BROADWAY: THE GREAT WHITE WAY MUSICALS AND SHOWS.
THE THEATRES. UNUSUAL NOVELTIES IN PLAY HOUSES. LUXURIOUS MOVING PICTURE PALACES. THE GIGANTIC HIPPODROME. REVIVAL OF THE "INTIMATE" ROOF GARDENS. CABARETS. OUT DOOR PAGEANTS. THE LEWISOHN STADIUMS. MUSIC HALLS. GRAND OPERA COMMUNITY SINGING. LECTURES. INTELLECTUAL RECREATION.
DIRECT From Broadway, Original New York Cast." So runs the legend on the bills that announce the coming of another New York success to the provinces. And yet many a good play has failed in the Metropolis only to find unbounded success on the road. Oh, the joy of being the rejected stone that becomes the chief stone of the corner!
Well, here you are right in New York, and on Broadway, too. Some two thousand places of entertainment are open for you. Which shall you choose—comedy, tragedy, light opera, grand opera, vaudeville, circus, concert, pantomime, recitals of all kinds, or movies?
About seventy-five or eighty of these houses are legitimate, serious theatres, featuring the best productions and employing the highest class talent. Aside from the theatre, with which every one is familiar, New York rejoices in several unconventional enterprises materially different from the usual run.
The Hippodrome, for instance, is unlike any other playhouse in America, and everything in it is planned on a scale so enormous as to belittle all others by comparison. It is mainly given up to a performance which pleases the eye more than anything else. It has a perfectly marvelous and enormous water tank, which extends under the entire huge stage. It's patent-secret construction enables the players to submerge and disappear completely. No one has yet been able to fathom the mystery. It seems certain that they must positively perish. You have hardly recovered from the shock of the tragedy (?) 'ere the whole host blithely reappear, climb out of the water and burst gaily into song!
This is one of the most baffling illusions ever produced in the mimic world. The stage is larger itself than the whole of an ordinary theatre, and the auditorium in proportion, consequently speaking parts are practically out of the question except for the actor with a voice like a mega-phone. The plays are mostly spectacular with plenty of chorus singing and several old-time circus acts in which an elephant usually appears. The late Fred Thompson, who conceived the Hippodrome, thought the elephant an emblem of good luck and adopted this for his chief scheme of decoration. We all go there once a year, at least, and oftener when we can pick up some small nephews or nieces to furnish an excuse for going again.

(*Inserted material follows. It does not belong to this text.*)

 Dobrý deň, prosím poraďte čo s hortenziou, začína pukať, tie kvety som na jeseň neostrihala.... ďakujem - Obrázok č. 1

The next unique playhouse is undoubtedly the one where moving pictures are given in a stage is gorgeously grand, producing a stunning effect. It has special lighting arrangements, and the whole scheme is decidedly pleasing and refined. It has certainly done much to elevate the standard of the movies, and is a great success.

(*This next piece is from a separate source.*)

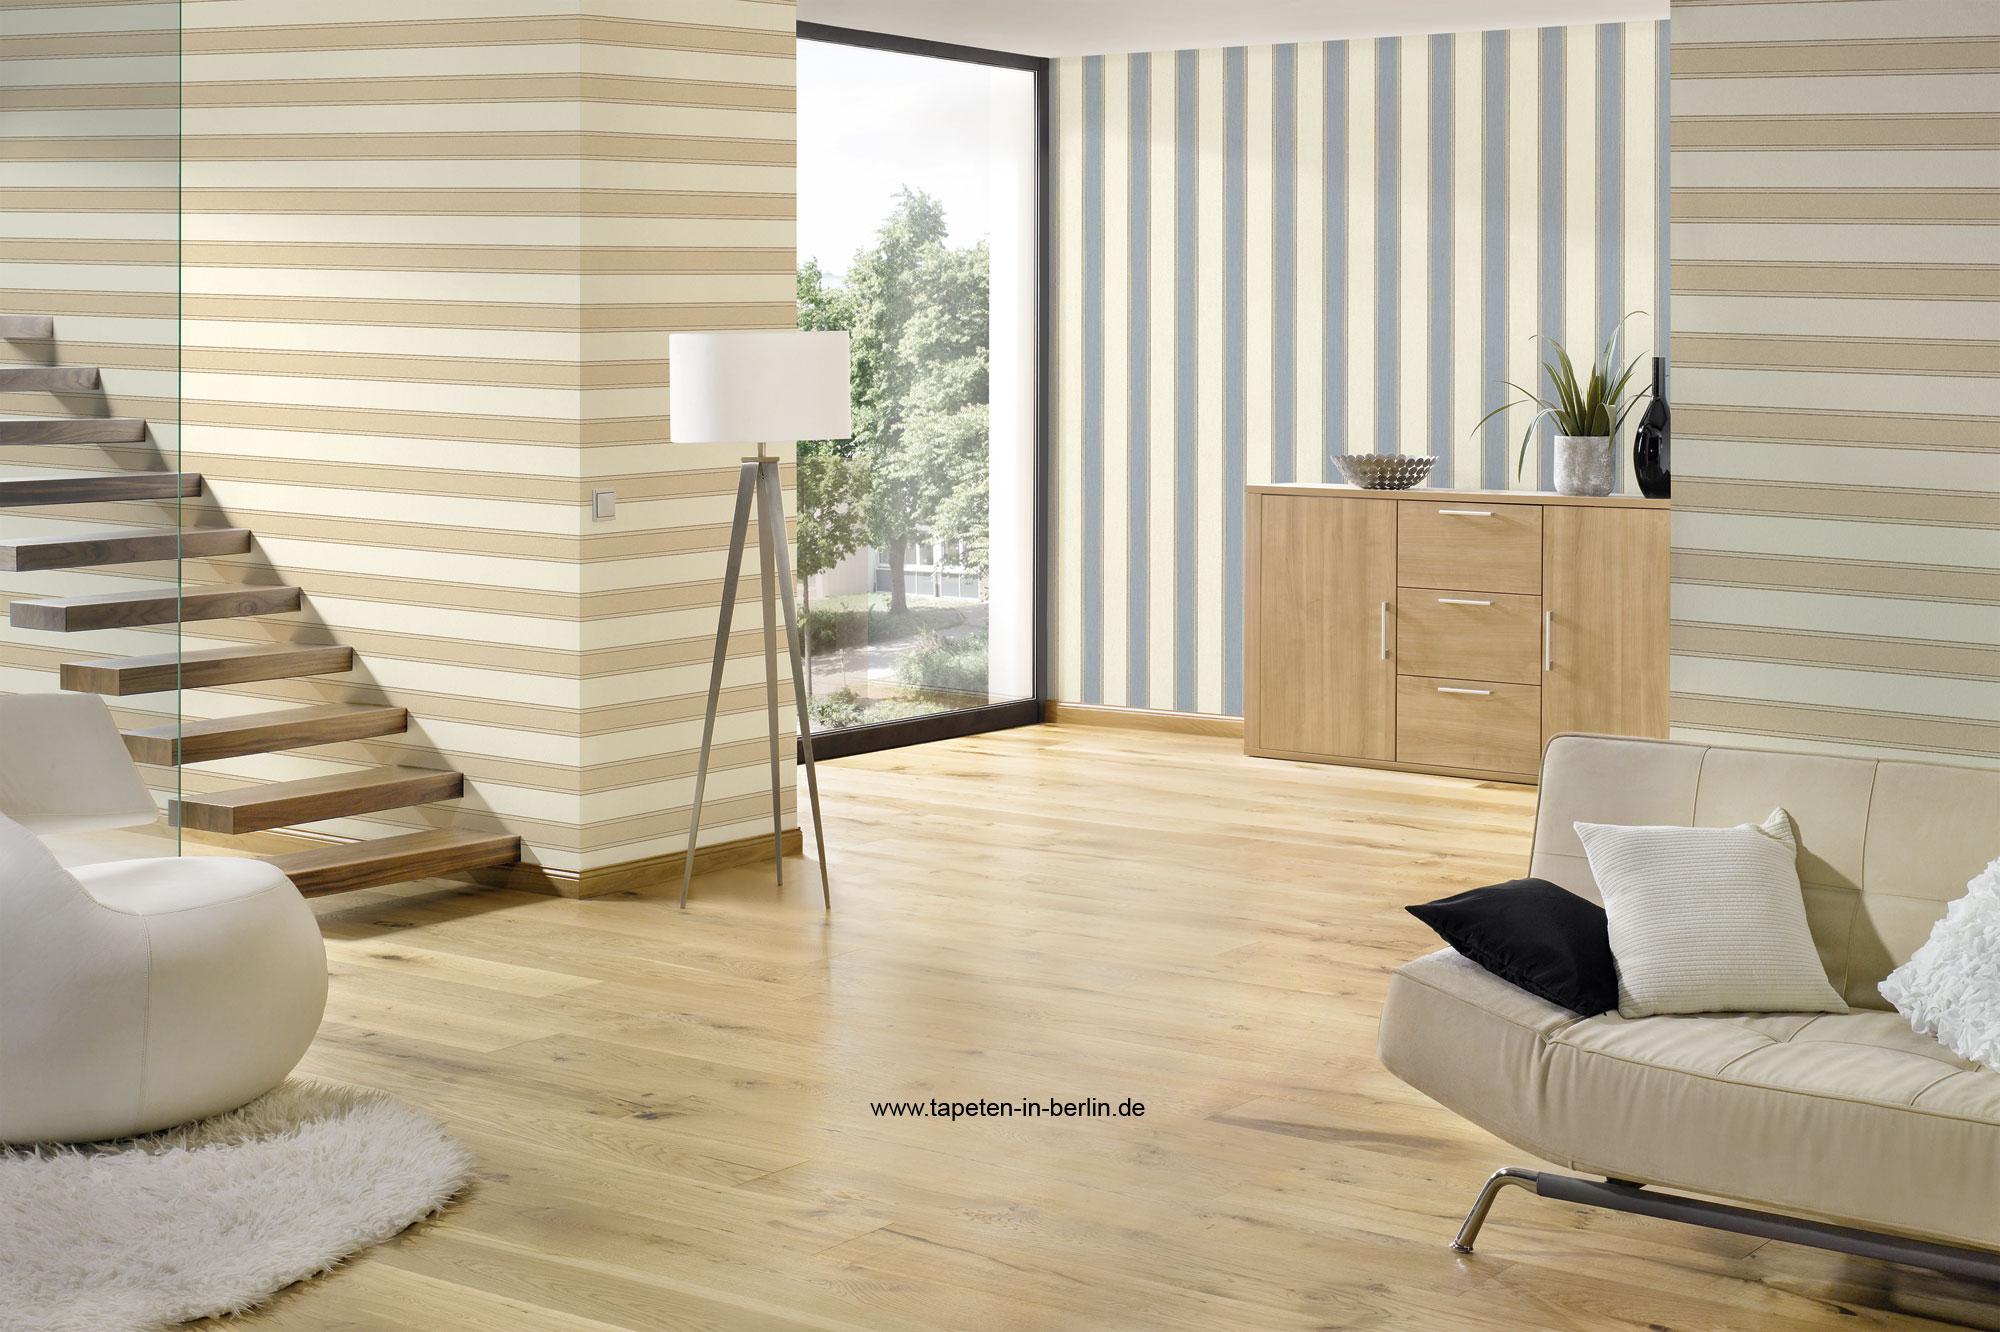 tapetenmuster wohnzimmer streifen. Black Bedroom Furniture Sets. Home Design Ideas

Other houses have since followed suit, and we now have the Rivoli, the Capitol and the Rialto, in addition to the Strand, and those visitors who have not been able to patronize anything but the local livery stable turned into an open-air theatre will be very much impressed by the elaborateness of the movie in New York.
At the same time it must be admitted that many smaller communities saw the possibilities of high class moving pictures before New York did and our first attempt came as the result of representations from out-of-town men.
The success which has attended the effort to give the "movie" in a building specially built for them may ultimately suggest to producers that the employment of brains in the construction of the plays themselves might also prove equally profitable.